◆ Exercise prompt ◆
When you reach a picture, skip it, and retype every line below exactly.

◆ Information provided ◆
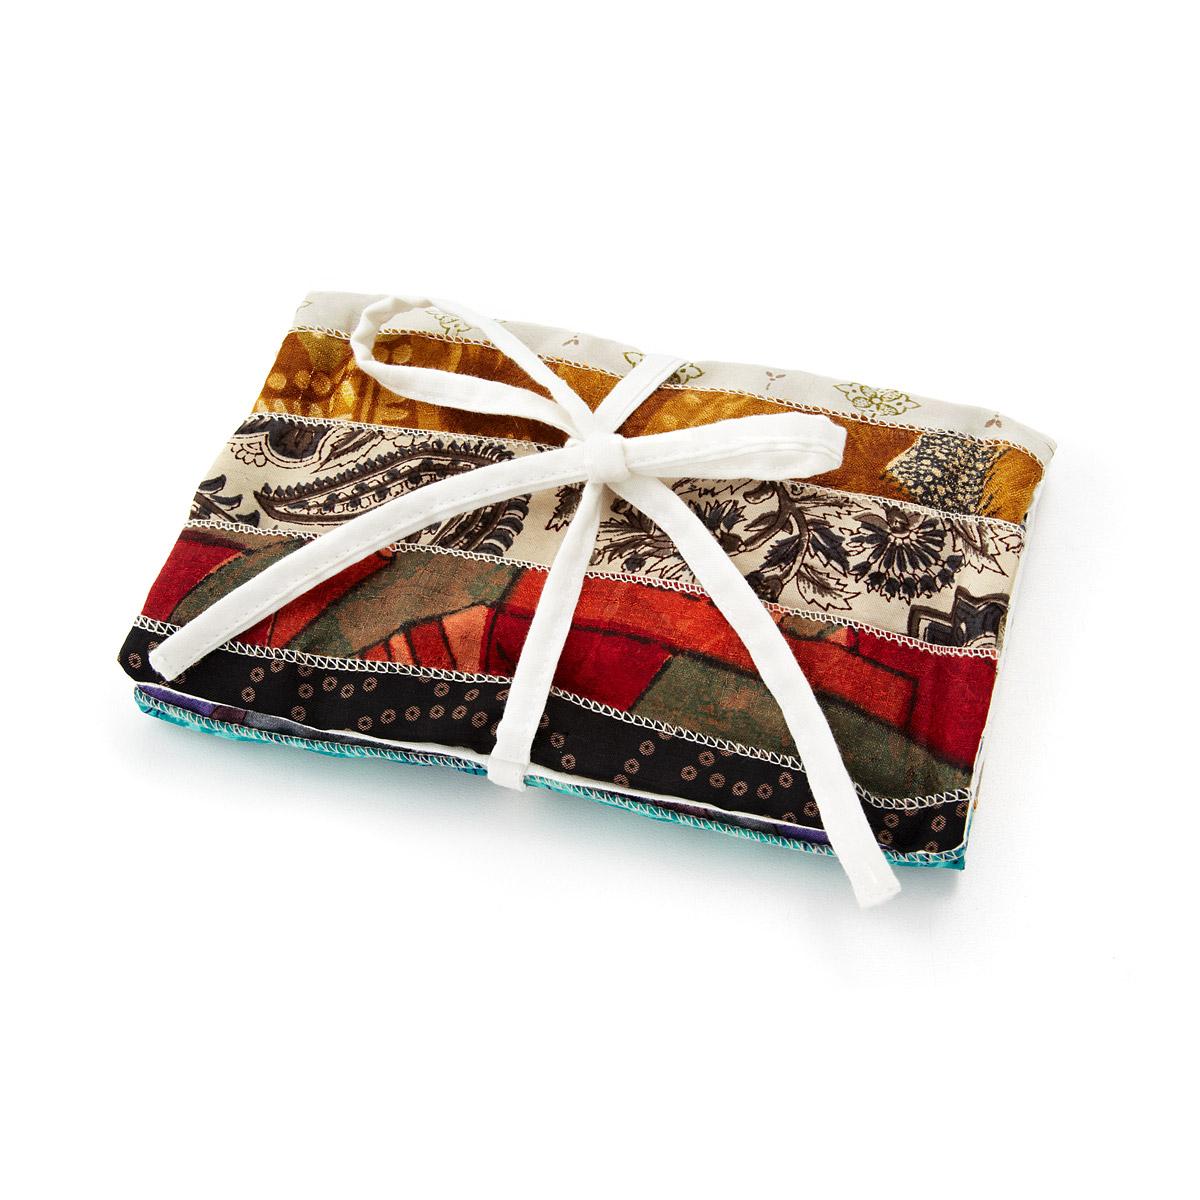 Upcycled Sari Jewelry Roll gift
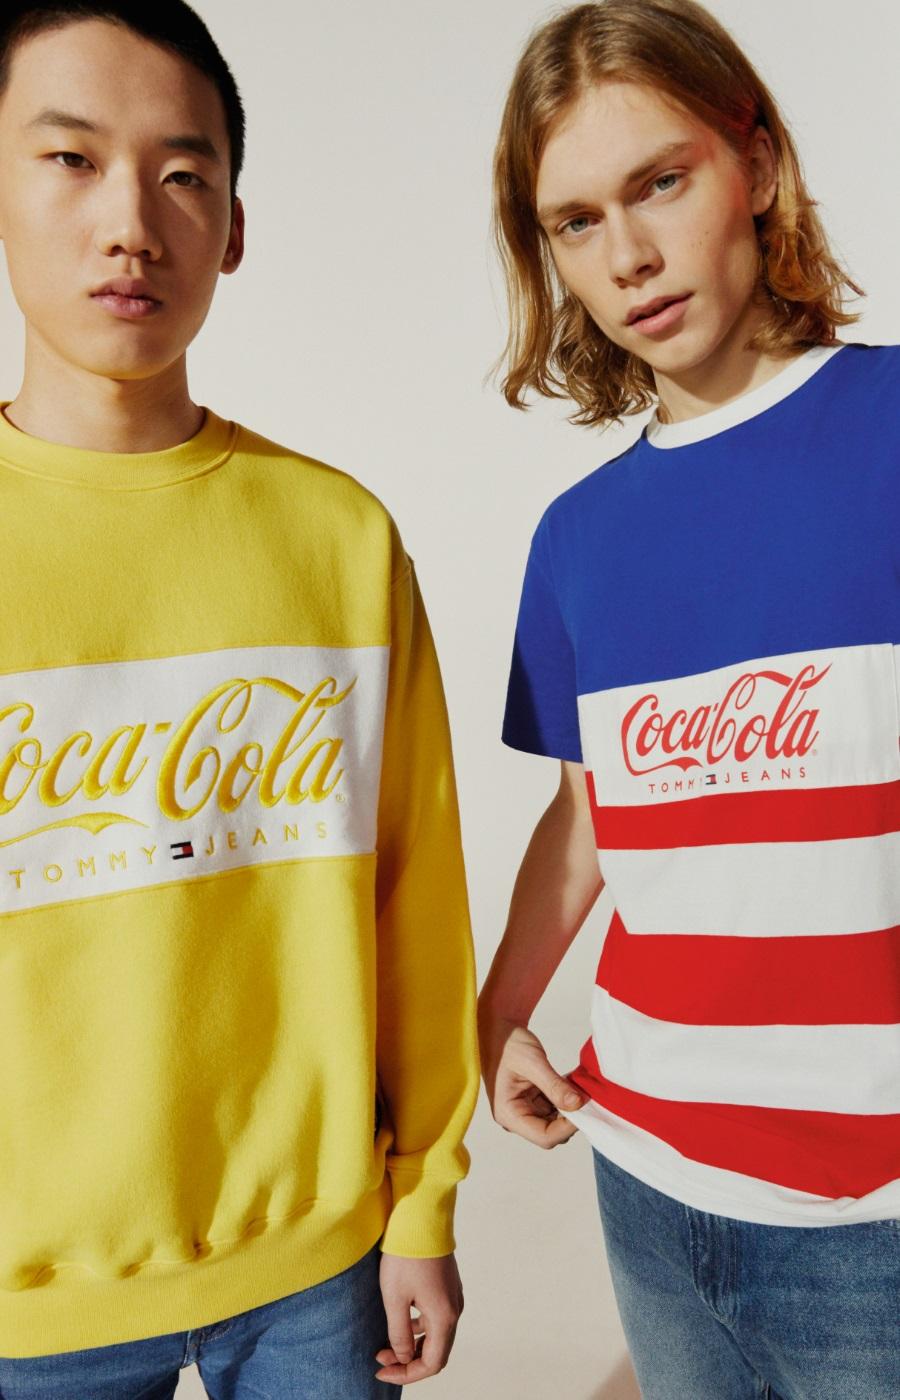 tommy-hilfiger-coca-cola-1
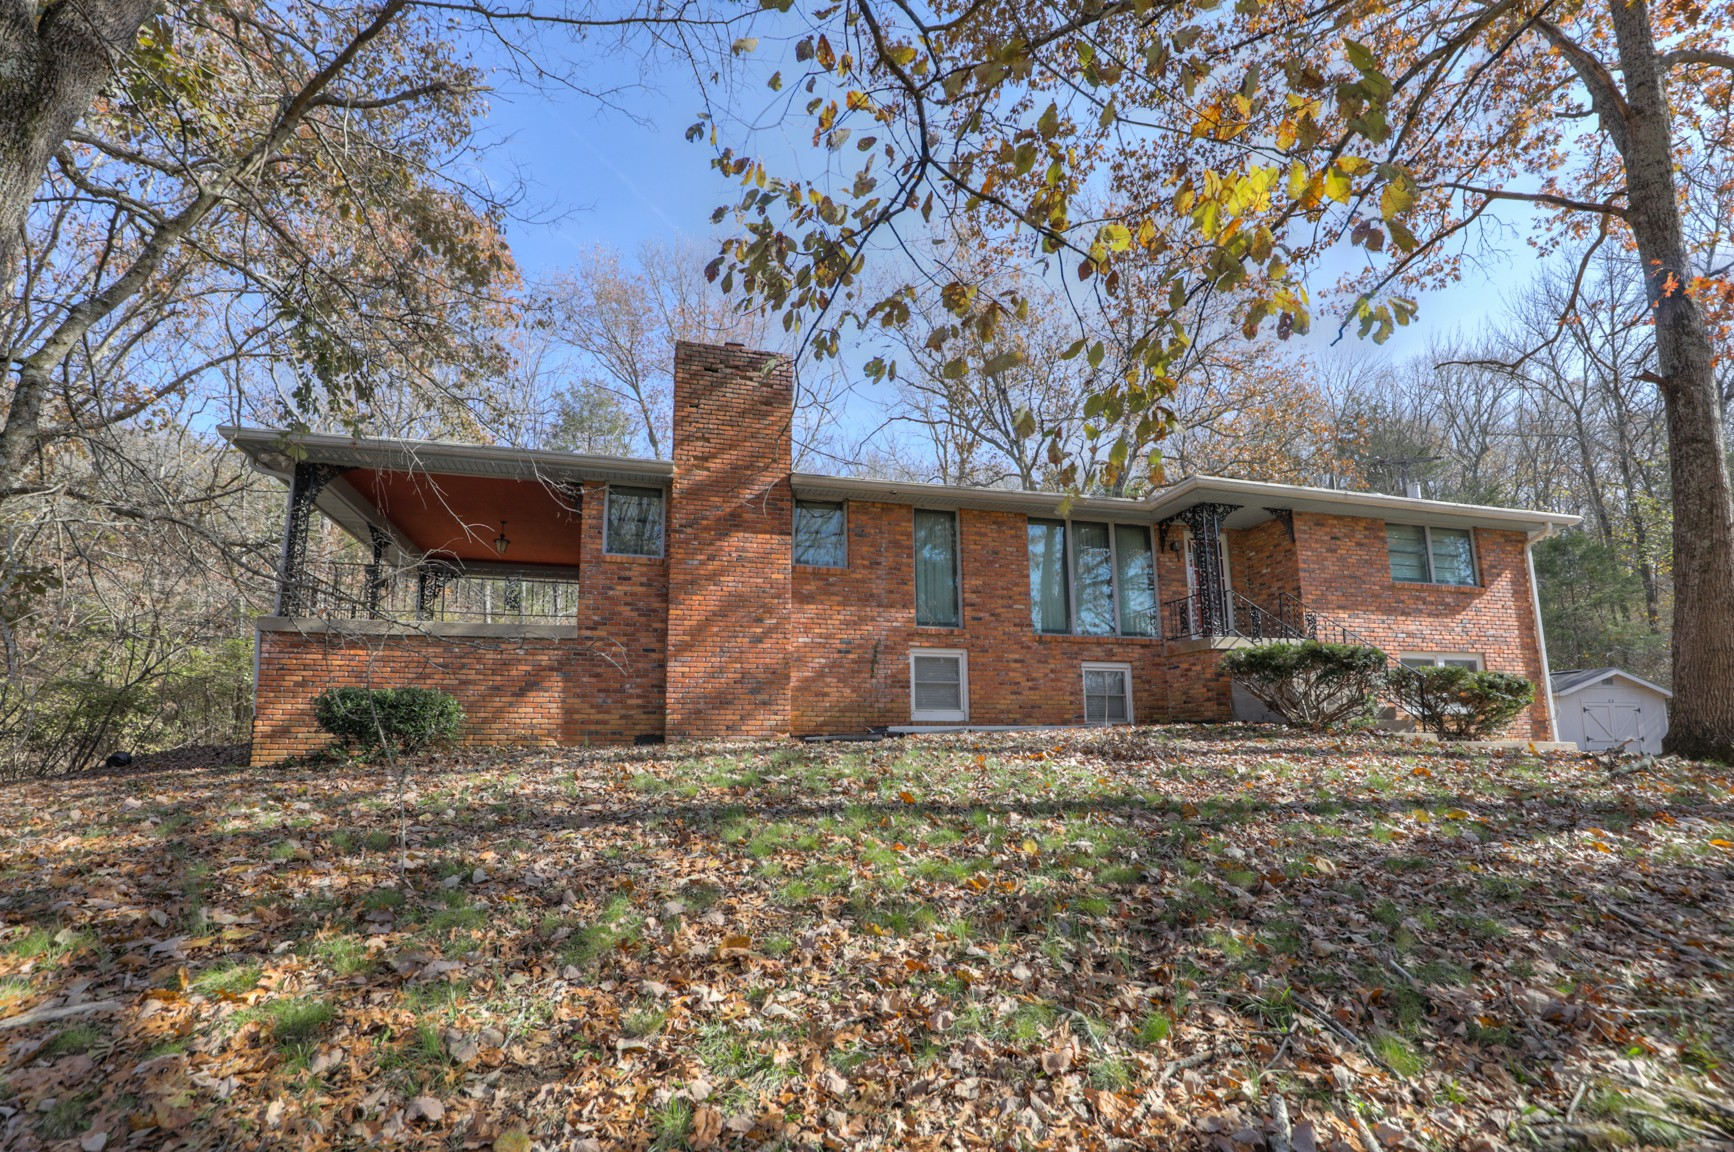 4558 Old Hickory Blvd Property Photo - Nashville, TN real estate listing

◆ Response ◆
 Upcycled Sari Jewelry Roll gift
 tommy-hilfiger-coca-cola-1
 4558 Old Hickory Blvd Property Photo - Nashville, TN real estate listing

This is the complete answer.